My guess is that Dustin is a lone wolf running a 'nix OS as his machine - and the rest of the company is using Windows. Nothing wrong with that, just my guess.
His company is significantly Mac.
aww, that's right - he has been asking a lot of MAC questions lately.
-
@Dashrender said in How do you find duplicates from Windows SMB shares using Linux:
@JaredBusch said in How do you find duplicates from Windows SMB shares using Linux:
@Dashrender said in How do you find duplicates from Windows SMB shares using Linux:
@IRJ said in How do you find duplicates from Windows SMB shares using Linux:
@Dashrender said in How do you find duplicates from Windows SMB shares using Linux:
I wonder if this would run faster directly on the server in powershell instead? I'm assuming with doing this over SMB you have to download all files, run the hash - if ran locally, you get to skip the download time, I assume.

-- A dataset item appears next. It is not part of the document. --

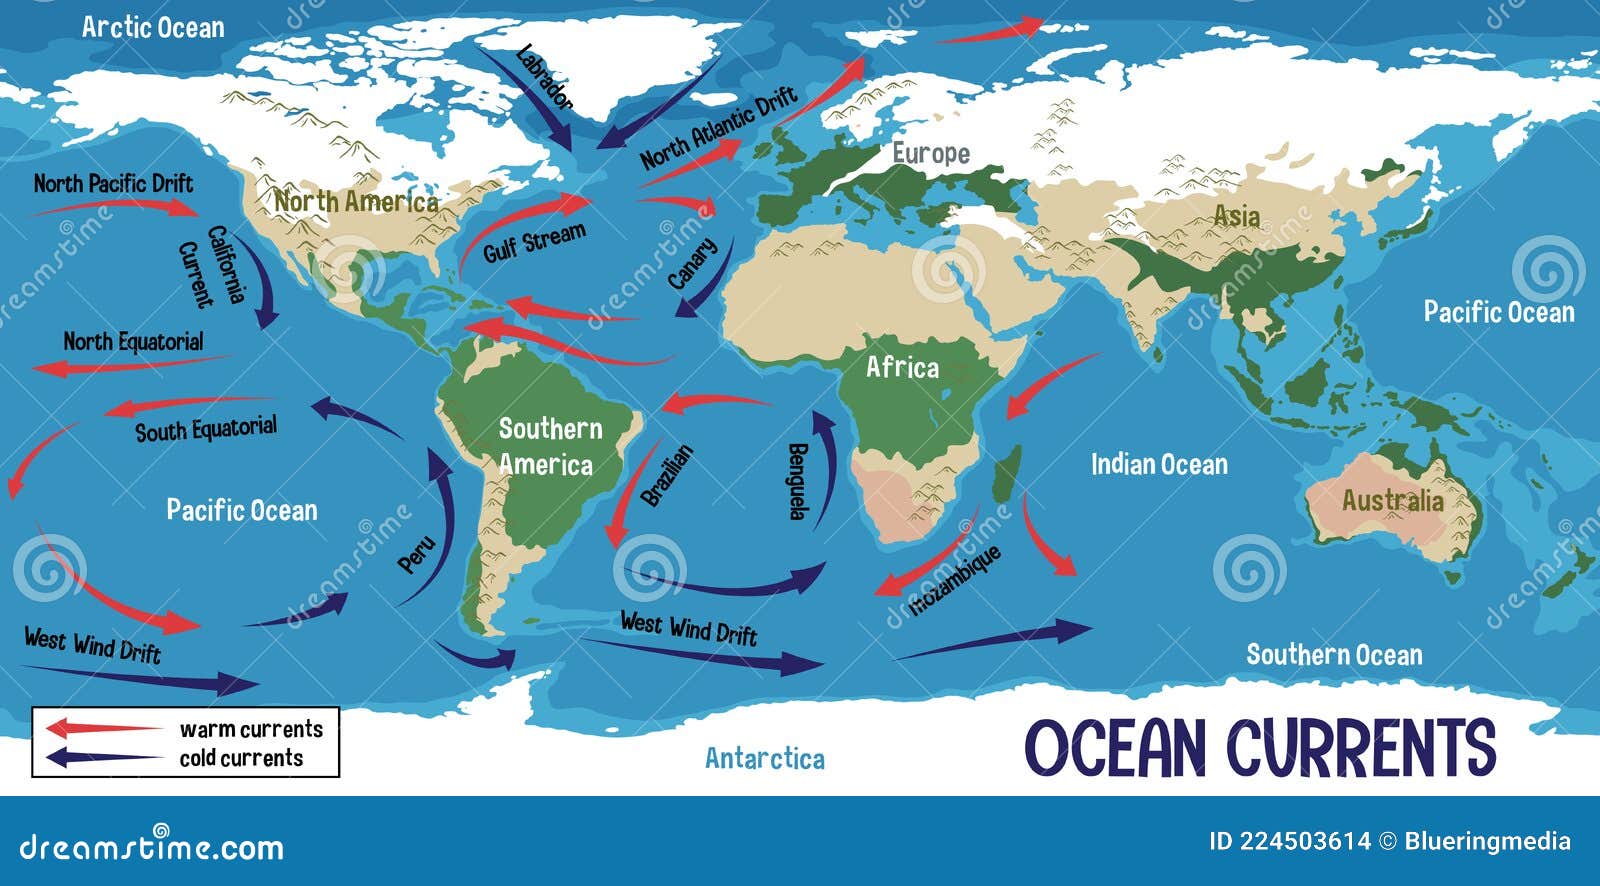 ocean currents

I gathered that the SMB shares are hosted on Linux, but I could be wrong.
If they are hosted on Windows like you are assuming, then I would agree that PowerShell would probably be most performant for this.
The title says - Windows SMB Shares.
My guess is that Dustin is a lone wolf running a 'nix OS as his machine - and the rest of the company is using Windows. Nothing wrong with that, just my guess.
His company is significantly Mac.
aww, that's right - he has been asking a lot of MAC questions lately.
Unix questions to be more precise, but yeah we are a heavy Mac shop.